Subgroup of braid group $B_3$ isomorphic to itself

Question

Consider the braid group $$B_3=\langle x,y:xyx=yxy\rangle.$$ It has a proper subgroup $N$, defined as follows: $g$ is in $N$ if and only if the sum of all exponents in $$g=\prod u_i^{\varepsilon_i},\ u_i\in\{x,y\},\ \varepsilon_i\in\{-1,1\}$$ is divisible by $5$; i.e. $g\in N\iff\sum\varepsilon_i\equiv0\pmod5$.

I was asked to prove that $N$ is isomorphic to $B_3$ itself.
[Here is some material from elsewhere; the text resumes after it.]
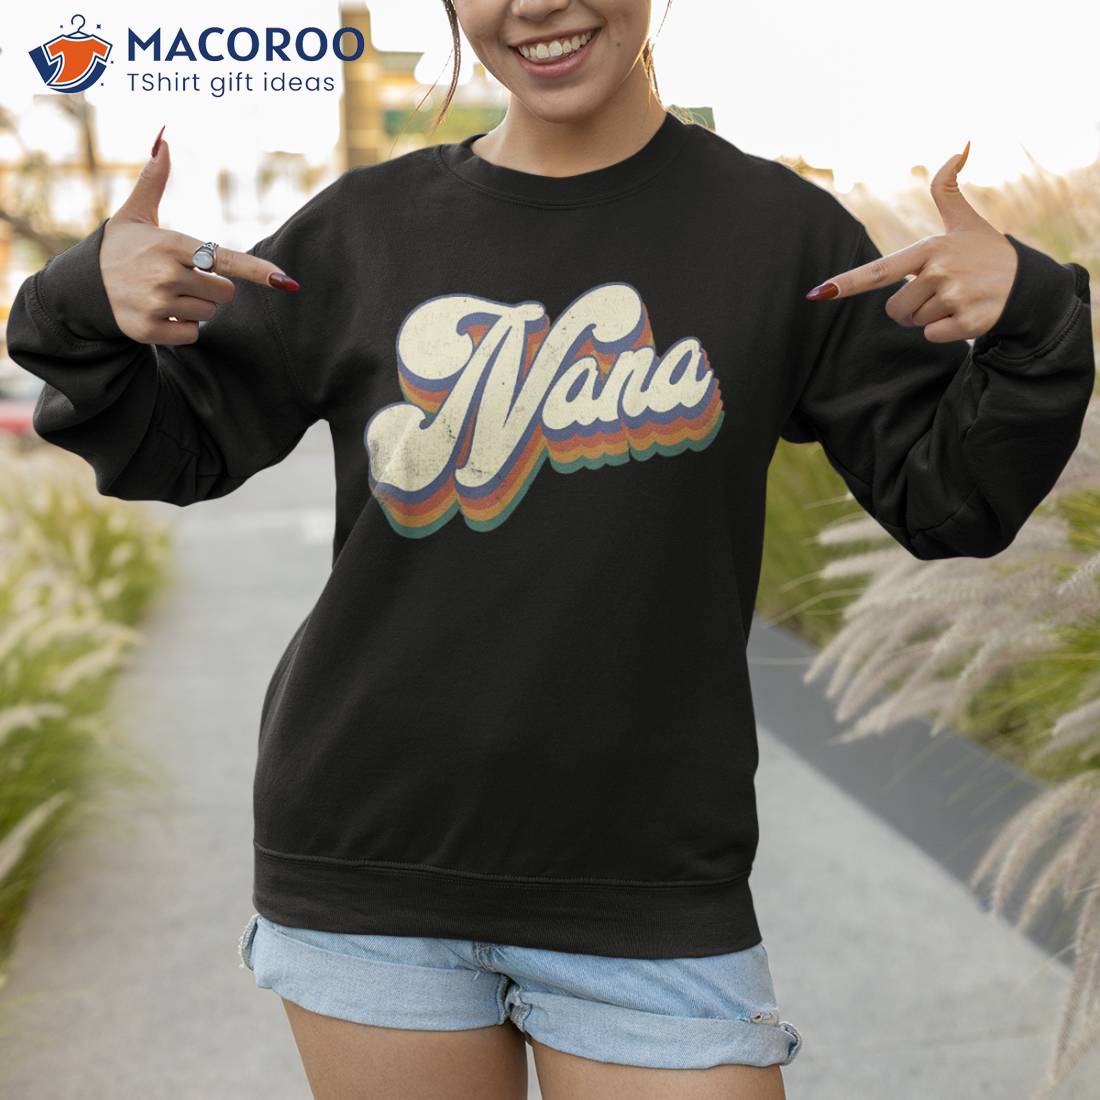 https://images.macoroo.com/wp-content/uploads/2023/04/nana-gifts-for-grandma-retro-vintage-mother-s-day-shirt-sweatshirt.jpg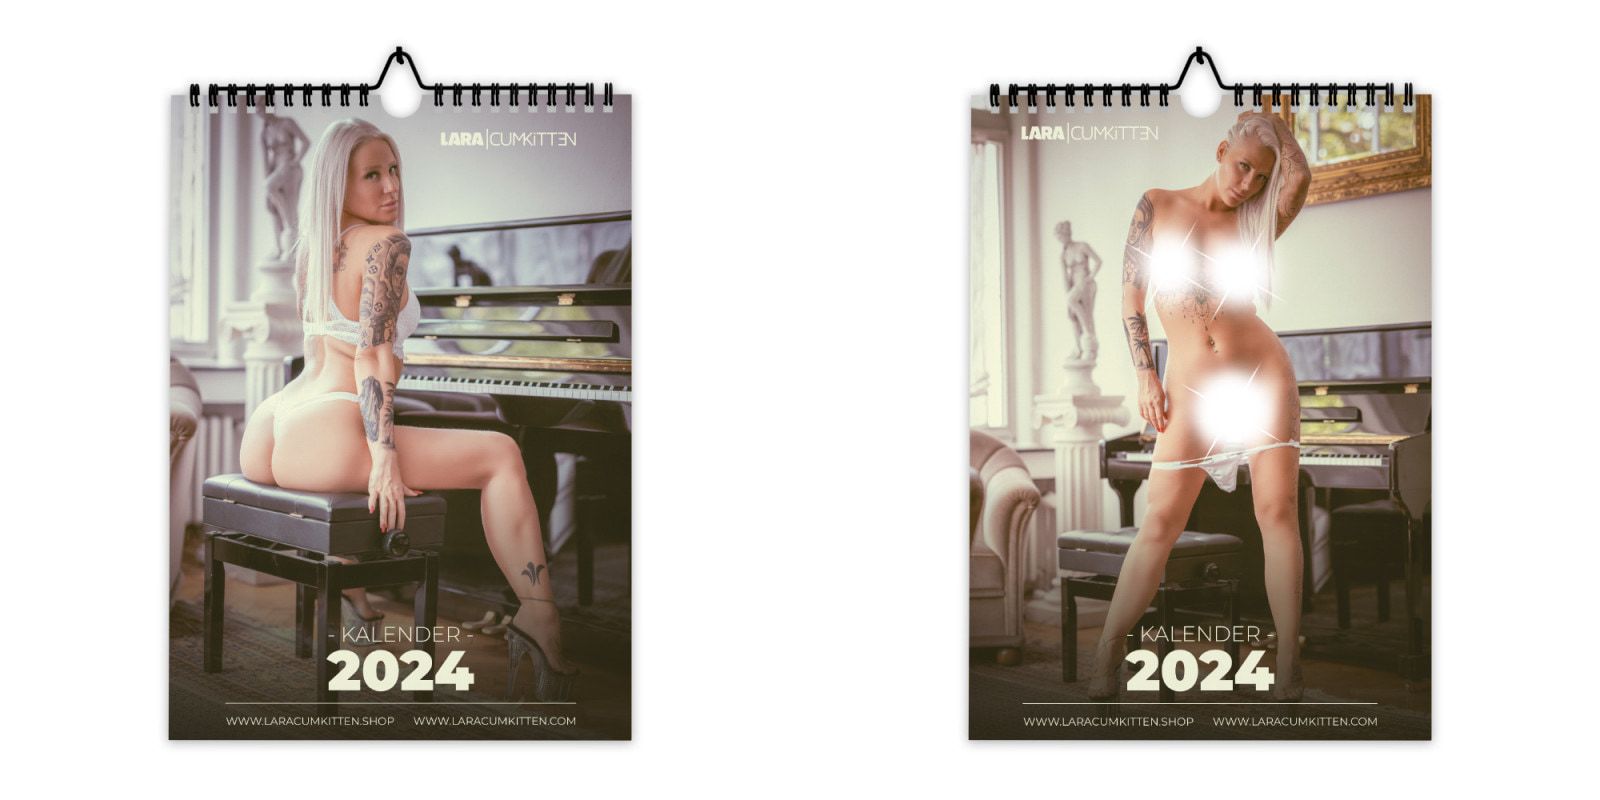 Lara CumKitten - Kalender 2024

I think the first thing to do is to get a finite set of generators and relations to generate $N$, and then reduce the relations to the form $ghg=hgh$ (or $k^2=l^3$, as they're equivalent by $k=ghg$, $l=gh$), but I failed at this step.

Answer 1

Anyway I managed to find out a solution: $N$ is generated by $xyxyx$ and $yxyxy$. This is found by somewhat "brute force" search by hand. I expect some more elegant explanation though.

Answer 2

The covering-space argument is described in the following picture:

At the top we have a 2-complex, with fundamental group $B_3$. It is precisely the presentation complex of the presentation $\langle x, y\mid xyx=yxy\rangle$, so has $1$-skeleton as drawn on the left, and then we glue a $2$-cell on in the hopefully obvious way.

The subgroup defined in the question corresponds to the kernel of the map $B_3\to\mathbb{Z}_5$ defined by $\phi:x\mapsto 1, y\mapsto 1$, and hence clearly to an index-5 subgroup. This corresponds to a $5$-sheeted covering of our presentation complex. To draw this covering space, I first drew the Cayley graph of $\mathbb{Z}_5$, and for each of the $5$ vertices $0, \ldots, 4$ I added edges $x_i, y_i$ corresponding to the image of $\phi(x), \phi(y)$ at this point - in this case, $x_i$ and $y_i$ move to the next vertex, but for example the map $\psi:x\mapsto 1, y\mapsto0$ would have $x$-edges as here, but loop edges for each $y_i$. This gives us our $1$-skeleton. Then $2$-cells are then the lift of the $2$-cell of the presentation complex at of the $5$ vertices - that is, for each vertex $0, \ldots, 4$, read $xyxy^{-1}x^{-1}y^{-1}$ to get a $2$-cell. This gives: $$\begin{align*} x_0y_1x_2y_2^{-1}&x_1^{-1}y_0^{-1}\\ x_1y_2x_3y_3^{-1}&x_2^{-1}y_1^{-1}\\ &\vdots \end{align*} $$ To get the fundamental group of this covering space, which is what we are after, we take the presentation with the $1$-cells as generators, and then the $2$-cells and a then $1$-cells forming a spanning tree as relations; I suggest $y_1=1,y_2=1,y_3=1,y_4=1$ as the spanning tree. This gives a presentation as follows: $$ \begin{align*} \langle x_i, y_i, i\in\{0, \ldots, 4\}\mid x_iy_{i+1}x_{i+2}y_{i+2}^{-1}&x_{i+1}^{-1}y_i^{-1}\:(i \mod 5), y_1, \ldots, y_4 \rangle \end{align*} $$ Now write this out in full, remove the generators $y_1, \ldots, y_4$ from the presentation, and then carefully use Tietse transformations to reduce down to two generators. The result is the Braid group. [I can do this in full if needed, I'm just out of time now :-)]